Sunday, August 31, 2008

Decatur Book Festival



















For the second straight year I visited the Decatur Book Festival. http://www.decaturbookfestival.com/2008/index.php

At first thought it sounds like something I should love. Books, food, the energy of Decatur, and great authors coming to ME!
However, this year I did not enjoy it as much as last year.

I'm sure it was mostly me, as this year, there were plenty of authors I wanted to hear/see but none I HAD to see.
Last year I got my wish of hearing Sherman Alexie perform (and yes, that is the best word for him) and afterwards he signed my copy of The Business of Fancydancing. (which I've owned for several years. I think it is important that I've owned it for a long time and didn't buy it that day. This proves I'm sooo hardcore!) Anyway, we chatted for a minute and I got a picture taken with him.
This was pure joy as he seems to be in town for something the day after I leave usually.

This year just didn't have the same energy and had too damn many children. I think it is part that Decatur is changing but mostly that the damn economy is so bad that a lot of people stayed home. That and that the roads in ATL were awful this weekend so if you lived anywhere near Decatur, you pretty much couldn't go anywhere else, so might as well do the cheap thing of taking the family to the street carnival.
Cause that's what it was. It was not literary! It was face painting and rocking chair sales and 4.50 root beer floats with awesome ice cream but root beer that was gone in 2 sips.
But the main problem was that the authors felt rushed. There was some bad scheduling which along with the street carnival atmosphere created this bad vibe. All of the authors had to worry about time and limit themselves in what they could cover to leave time for questions. Usually there was only enough time for 3-4 questions. It was all very odd.

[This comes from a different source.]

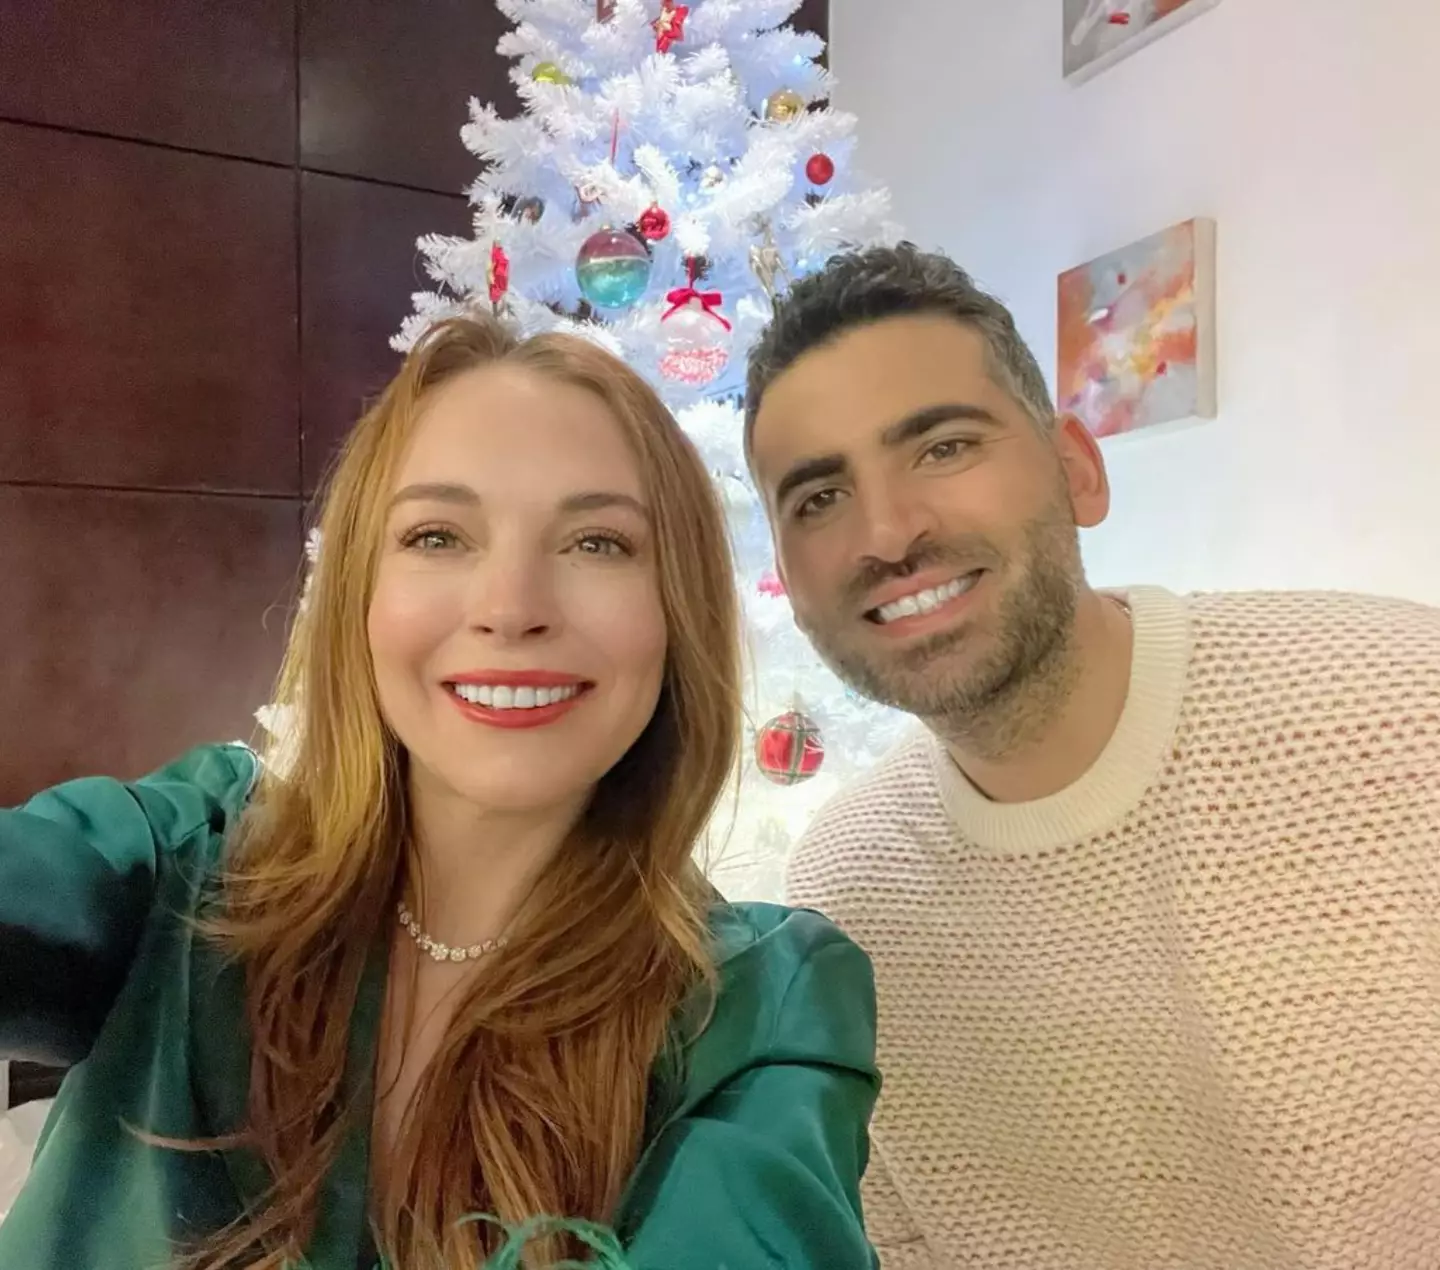 Lindsay and Bader are very private but shared this cute Christmas selfie last year.

Besides too many kids there were just too many meandering stupid people! I heard two authors speak on what it is like to marry someone from a very different culture and live there and raise a family. One woman is living in Japan with her Japanese family,including her mother-in-law. The other lived in New Zealand with her Maori husband for almost 20 years. Both spoke eloquently on what it is like and the hardships, the rewards, how you don't think like an American anymore, etc. I'm trying to keep the interesting things they said in my head but I keep going back to the retarded comment about raising your kids in a foreign culture one woman asked. She said: "Do your kids know what it is like to be American? I mean, do they do normal American kid stuff and eat normal American stuff like Spaghetti and Meatballs?" UGH.

I did get to hear a living legend though which was the highlight of my day. Amiri Baraka, formerly LeRoy Jones, the former Poet-Laureate of New Jersey, spoke yesterday and he was captivating.http://amiribaraka.com/ He's mainly the reason I started this damn blog that I'm not sure if I want anyone to read yet.
He urged people to get out there and get their voices heard and be truthful. Too many people are waiting to be "discovered" and when they are they are immediately consumed by the commercial capitalist world of publishing. I've always NOT written because a) I was afraid I'd be mediocre and b) intellectually lazy. Baraka helped me see how weak and awful those two things are. He urged us to publish, no matter what, even if it means we do it on the internet and print out at Kinkos--just be authentic.

So, I was grossly unhappy that his time was cut short, I guess due to poor planning, but I am very happy I heard him and have been inspired. We'll see how this stuff all turns out I guess.